Willow Creek Gardens offers a couple offbeat colors like ‘Merlot’ and ‘Flamenco,’ both from the California grower Carlsbad Flower Fields, which opens its flower fields March 1 thru May 12, 2013, an event that sounds similar to the flower extravaganzas more common in the Netherlands. I’ve never attended before. I likewise haven’t ordered from Willow Creek Gardens before, but they get good reviews on davesgarden.
Ranunculus are amazing cut flowers. Please tempt us with more varied and complex colors, okay?
I went to the Carlsbad Flower Fields event a few years back, which was good because they were selling ranunculus in a lot of colors you don’t normally see. I didn’t take the tour, I don’t remember why. It was probably crazy expensive. Worth a drive out there, because Carlsbad and Cardiff, etc. are really pretty, and because the roadside strawberries are incredible. Huge.

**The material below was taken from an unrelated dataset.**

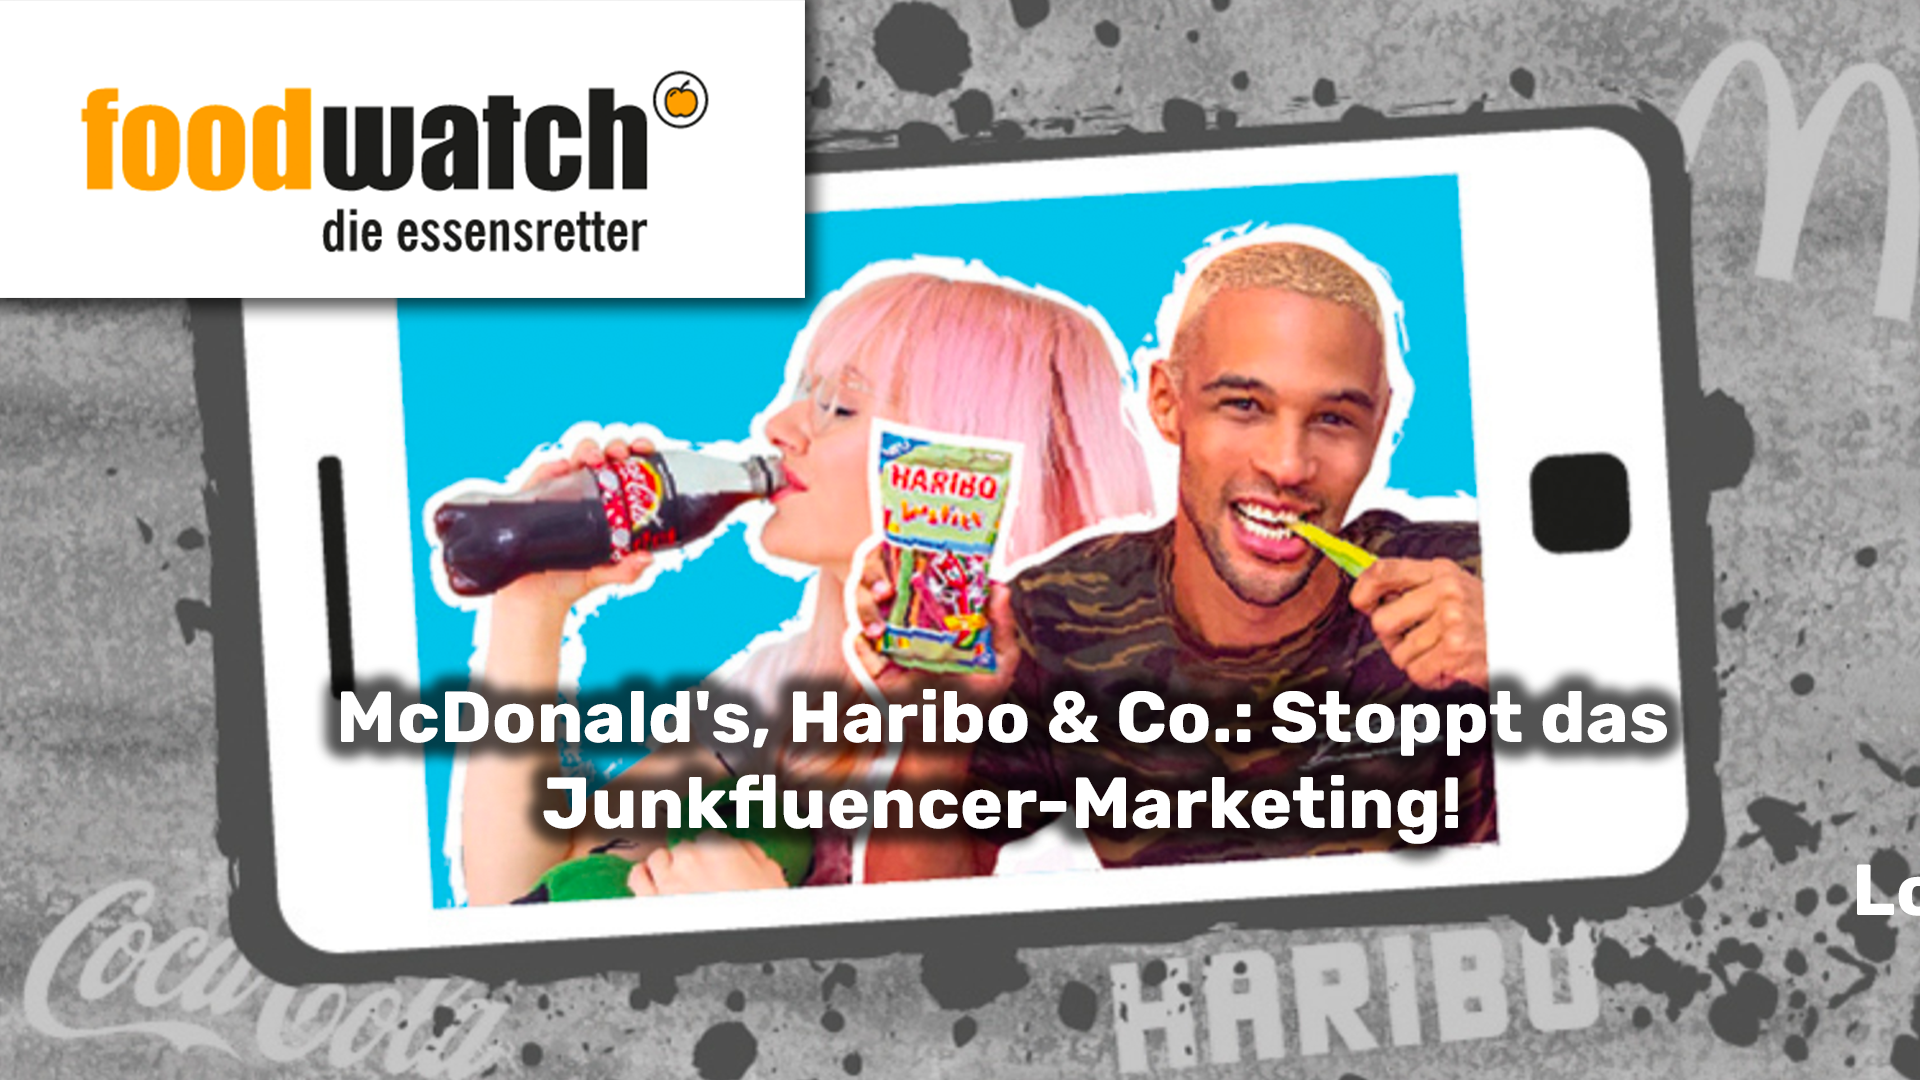 McDonald’s, Haribo & Co.: Stoppt das Junkfluencer-Marketing!

Lena, thanks for the info. Might be worth a roadtrip for strawberrries and ranuncs!
I found the merlot color tubers here in SoCal, at Rogers Garden I think. I grabbed them just because I hadn’t seen this color before. In bloom now, they’re nice but more pink than plum in color, far from the wonderful deep plum color shown in your picture.
Kris, I did check Roger’s too, since they’re usually the best bet for better varieties. I must have passed on the Merlot or they had run out. Yes, plum, not pink!